The five of us practically fall all over each other, scrambling to hit the communal showers in the adjacent building. Ophelia, especially, makes sure to give Slade a wide berth.
Digory catches my eye as he jogs alongside me.“Mornin’.”
I nod and pull ahead of him into the showers, picking a spot at the opposite end.
If Slade’s gentle wake-up call didn’t do the trick, the ice-cold water jetting from the spigots sure does.
“Holy crap!” Gideon wails from under his showerhead. He’s trying to keep his back to the wall so no one will see what I saw last night. “This is colder than the water back home.”
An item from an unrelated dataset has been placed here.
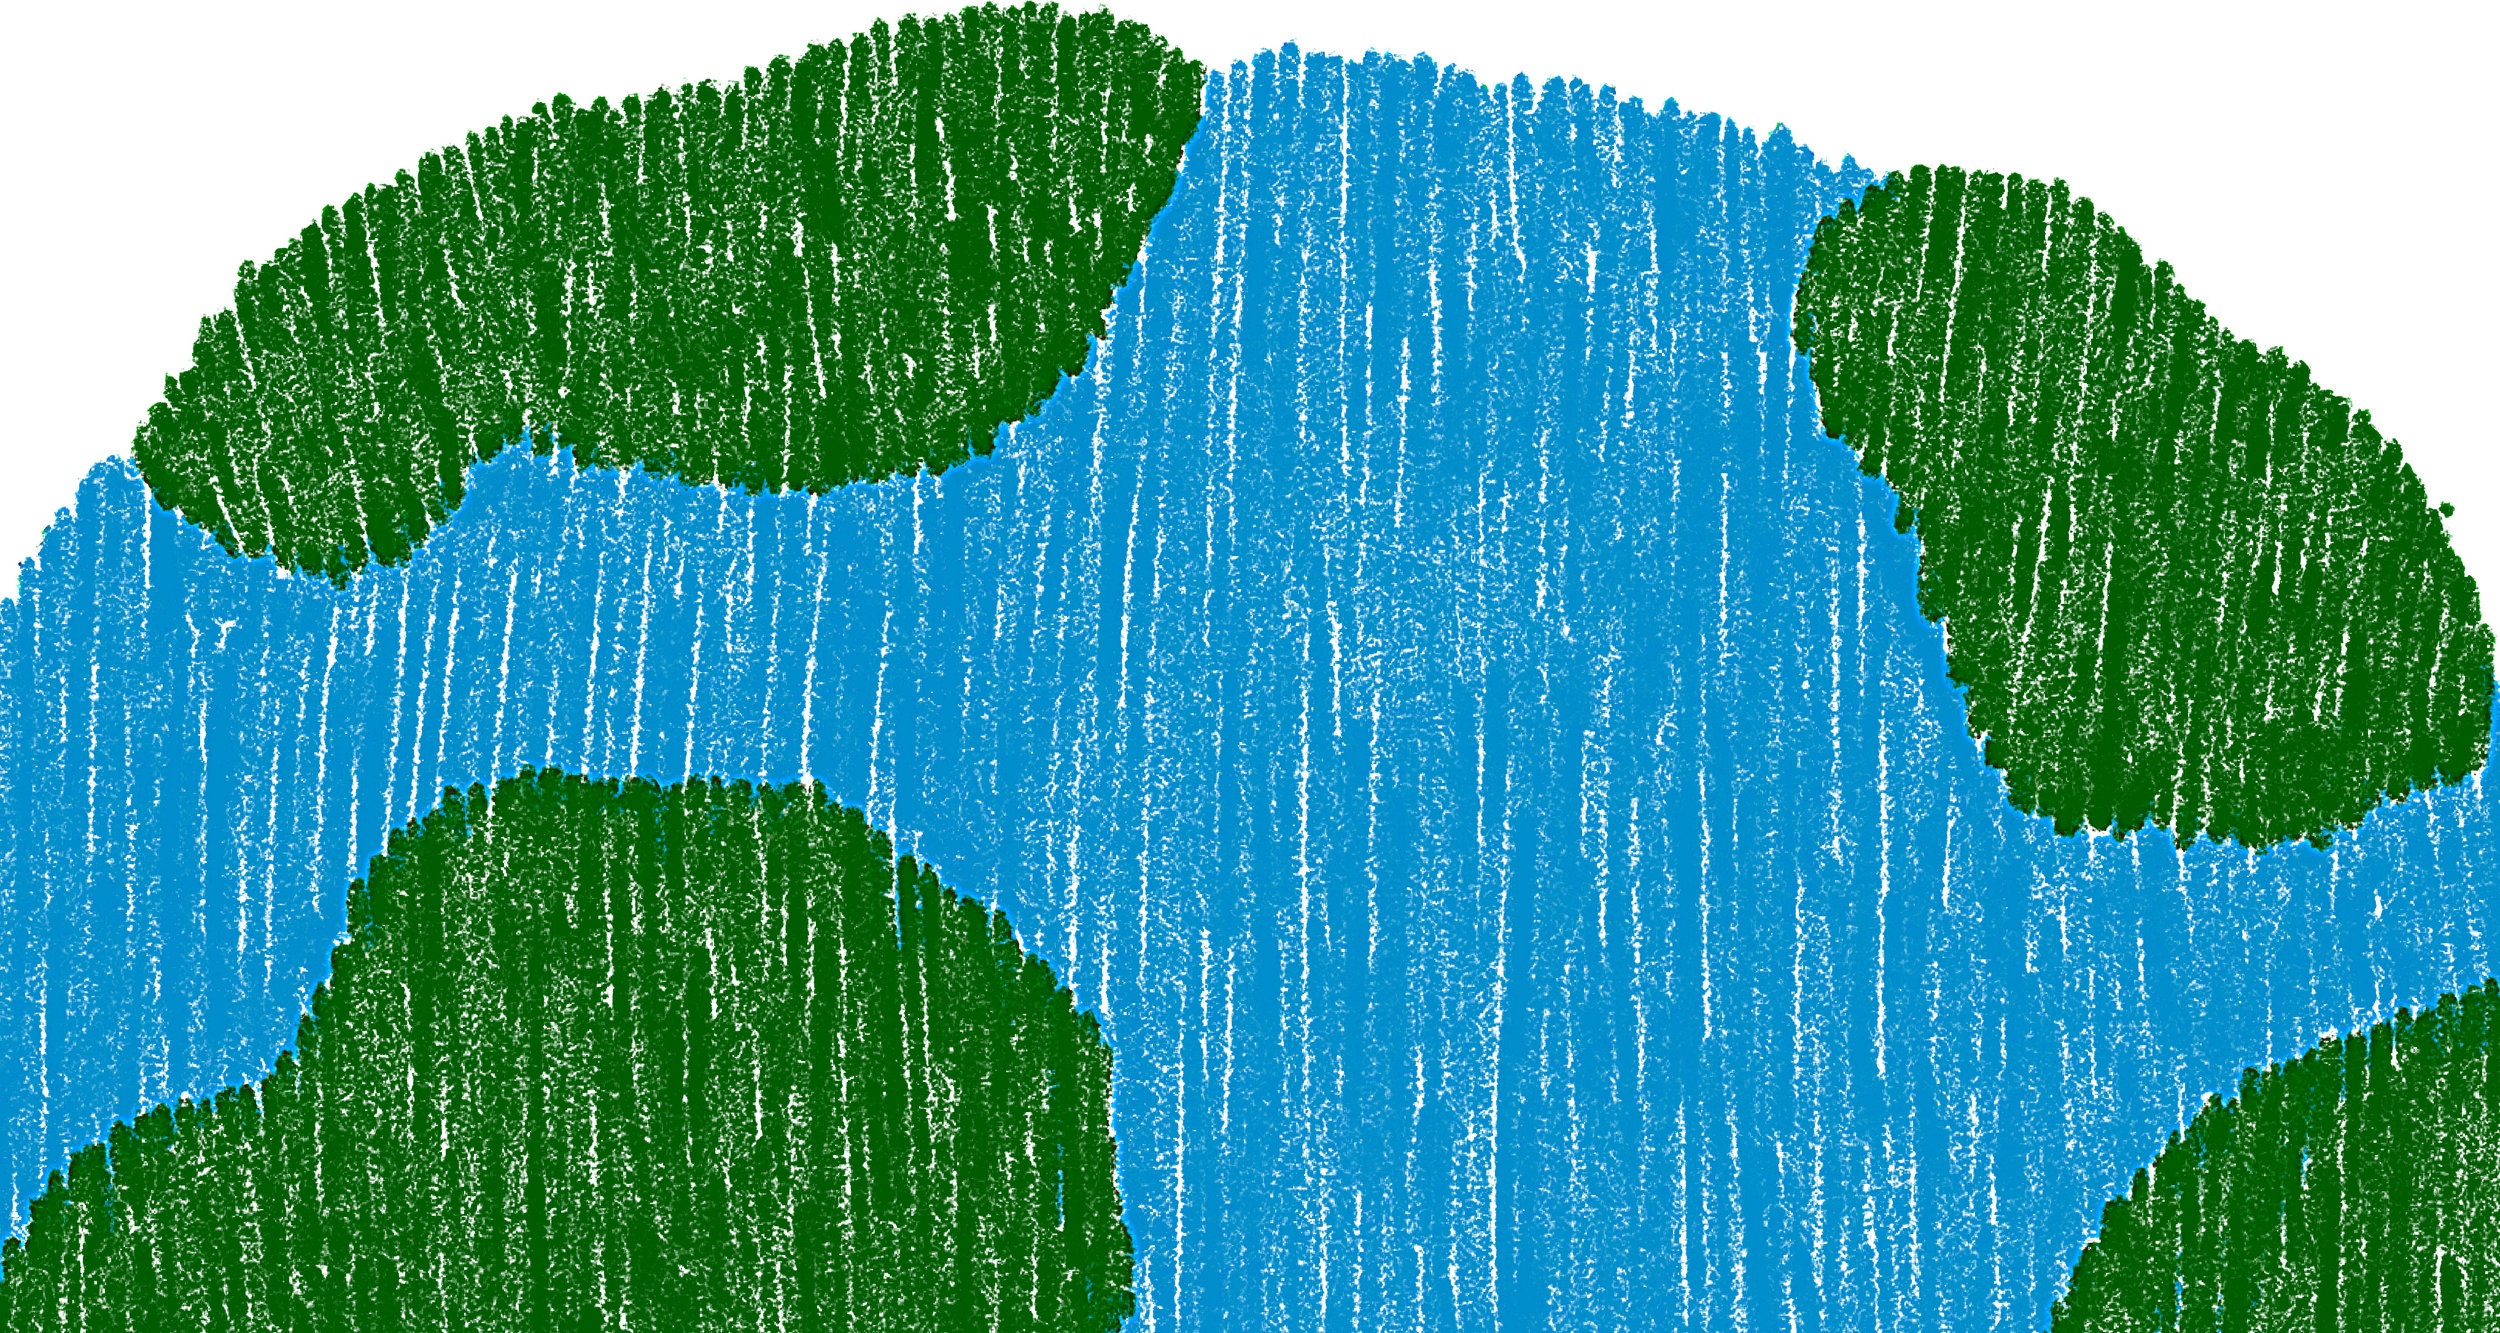 jorden-ritad.jpg

Cypress snorts. “You don’t know what cold is.”
Fortunately, the shower’s mercifully short. In a matter of minutes, we’re dressed in our uniforms and lined up in the Company area, a paved rotunda just outside the barracks.
Slade’s waiting for us with a reptilian grin. “Welcome to your first day at Infiernos.”
“Doesn’t that mean hell ?” Gideon mutters under his breath.
Cypress smirks. “You got that right.”
Ophelia raises her hand. “Excuse me, but what time do we eat breakfast, again?”
Slade’s grin widens. “Why, right now.” Her eyes ignite with fury. “Drop and eat the pavement. All of you. Twenty push-ups. Now.”
The next hour is a grueling workout, starting with an upper body warm-up consisting of push-ups and jumping jacks. This is followed by a lower-body regimen of squats, and then an upper and lower body cardio-combo featuring pull-ups, squats, lunges, crunches, and running, with barely any resting time in between.